I'm in the band of income that pays the absolute highest taxes as a % of income. I just want rich people to pay the same % as I do, or a tiny bit higher since they'll miss it less. I don't complain about paying my taxes, I see them as membership fees to live in a society with laws and running water and OSHA.

It's not about "small govt" or "big govt", those are just buzzwords. The government's hugely in the red either way. Who convinced you that this was ideological, rather than a matter of simply paying their fair share?


While we might be able to justify one person paying orders of magnitude more taxes than another, based on the overall benefit to society as a whole, let's not pervert language by describing that system as 'fair'. In fair systems, people get the same service for the same price.


Yeah, and in an anarchic system, power and money flow upwards until it's unsustainable and it collapses.

We're not living in caves, definitions of fair should include upward mobility.

And who says they're not getting the same service? Wealthy corporations and individuals get a ton of services from the US gov't, from subsidies to infrastructure to direct benefit from the State Dept and military.


We're not living in caves, definitions of fair should include upward mobility.

Are we talking absolute upward mobility, or relative upward mobility? If absolute, then we already have that. If relative, that's impossible...not everyone can be simultaneously relatively upwardly mobile :)


I don't know about other people, but I don't go out of my way to avoid taxes. I certainly don't create new companies or change how I do business in order to avoid taxes. If there's an actual deduction box on a form that I'm eligible for, sure, I'll check it. But I don't really spend days thinking up ways to hide my income. Any time I would've spent on that could be much more productively spent by just making more income.


"Any time I would've spent on that could be much more productively spent by just making more income."

Which is actually a good reason to make taxes lower and less burdensome, so the most productive members of our society (as measured by income) will spend their time producing, instead of defending the fruits of their labor from the tax man.


In my experience, the kinds of people who spend the most time on minimizing taxes are precisely the opposite of productive members of society: heirs and heiresses with large assets and passive incomes, but not much real capacity for earning income through their own labors. You generally see complex tax-avoidance trust structures in these "old-money" families much more than you see them in new-money families. For them, it's a rational decision, because the opportunity cost of spending a bunch of time/effort on tax avoidance is low: they aren't wasting time that they would otherwise have put to more productive uses.


Well, it's certainly a reason to make them simpler.

But those same big companies with the same high priced lawyers, accountants and lobbyists never tend to actually advocate for making them simpler. Oh, they might say that in public and at your Ayn Rand book club, but it's not what they say when they're speaking to the congressmen.

EDIT: Hey guys, I wasn't dissing Ayn Rand, don't get so defensive. Just, you know.. who's got a really big interest in making sure people believe all this stuff?
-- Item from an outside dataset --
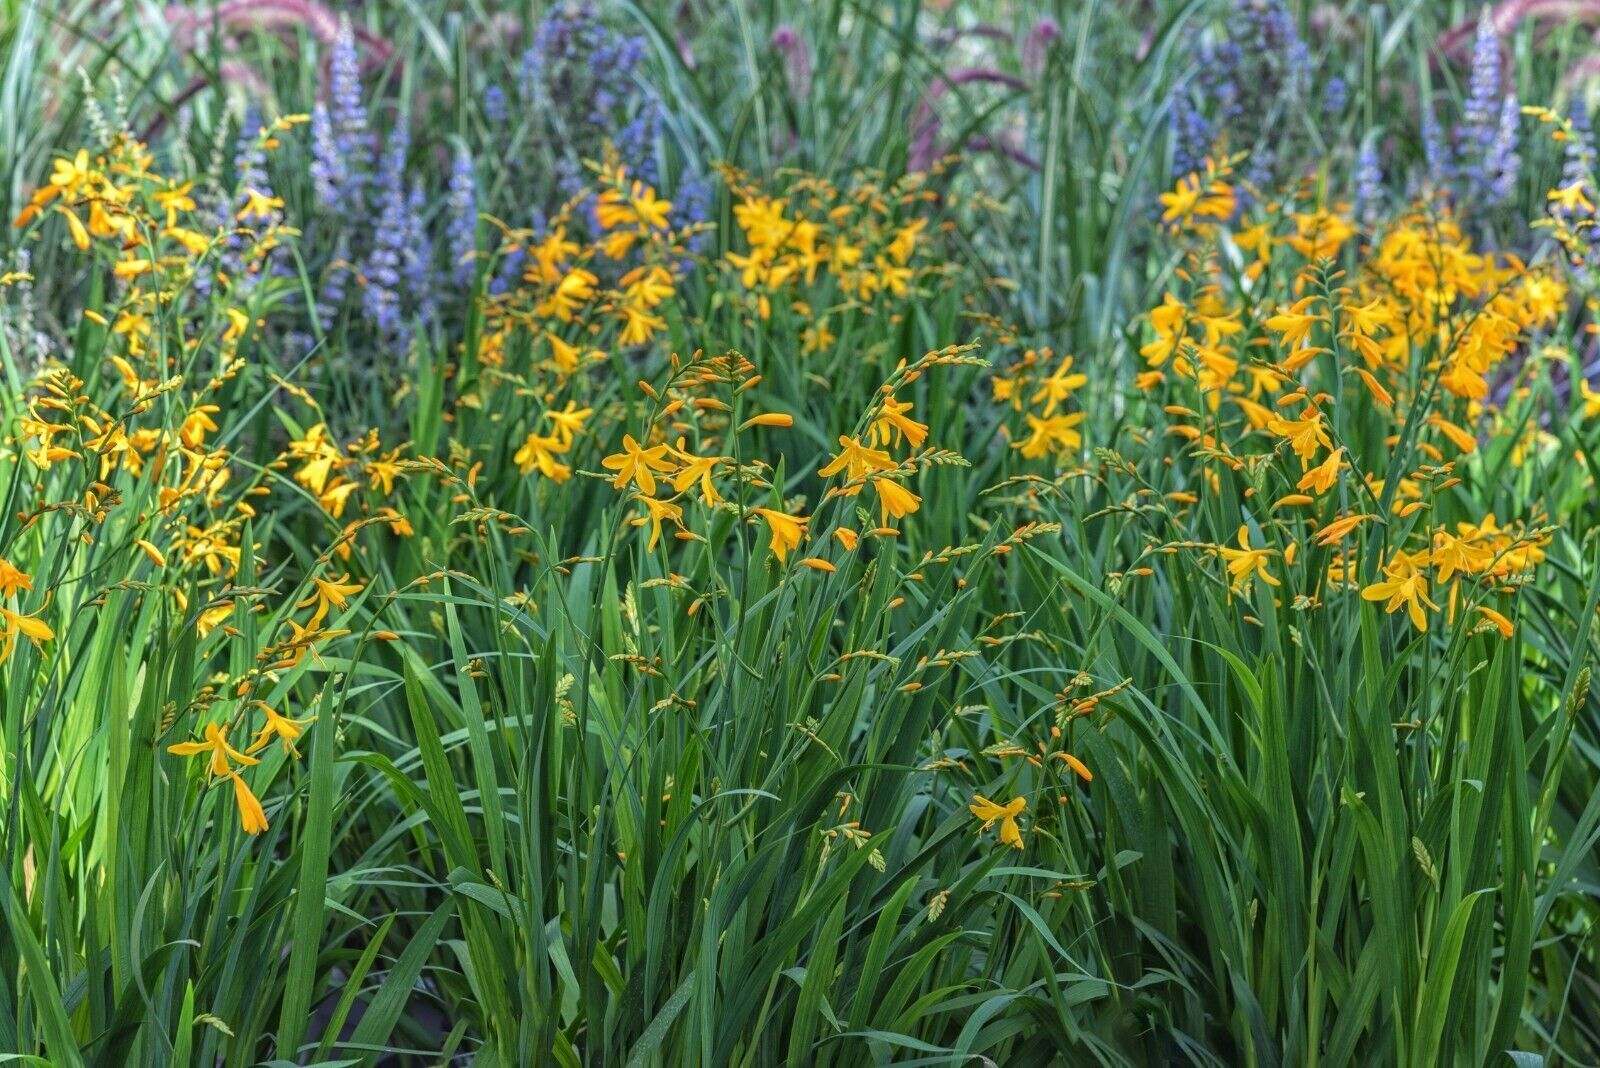 PICK YOUR DRAGON FLOWER - Choose From (7) Different Types of Crocosmia Bulbs!!!
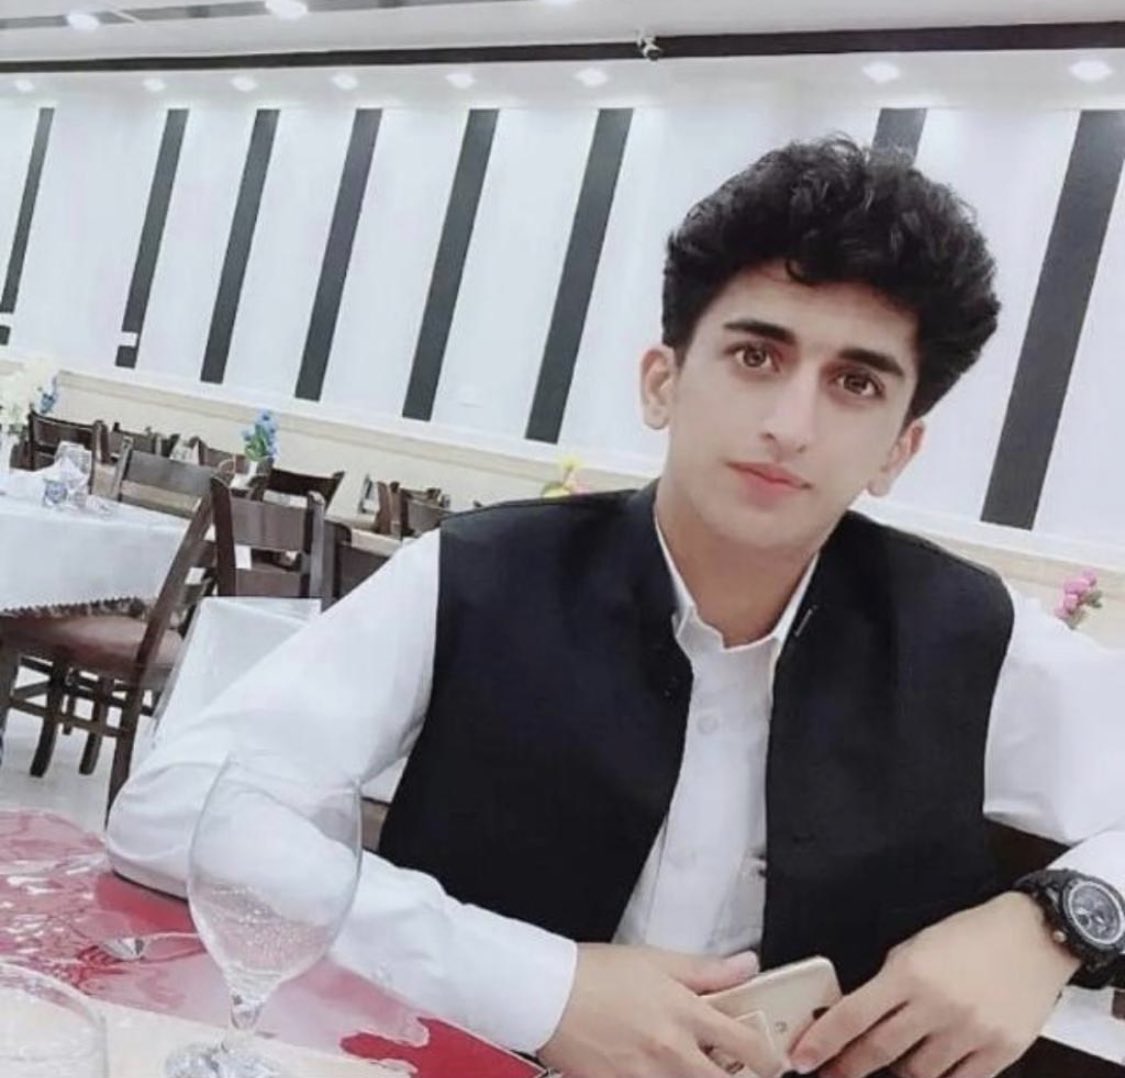 Two young Baluch men are at imminent risk of execution in Iran; #ShoaibMirbalochzehiRigi, 19, and #KambizKharot٫ 20, were abducted by government agents last October in Zahedan icw the protests there. They were subjected to extreme torture and sentenced to death on bogus charges…

Might be worth thinking about.

Big corporations don't actually have an interest in a simple tax code -- more complicated means their accountants give them a competitive advantage.


I think the point here is that he "paid back toward society" by creating jobs and charities, not by forking over his money to the government for it to waste on inefficient pork-barrel projects and other ill-chosen boondoggles. Why do you apparently think we can only help society by giving money to the IRS?


Anecdotes don't prove anything. Plenty of rich people don't create any jobs (directly anyway) and if they are giving to charities it's usually for tax reasons and/or PR. If you had the money your rich friend has you almost certainly would have donated a similar amount to charity.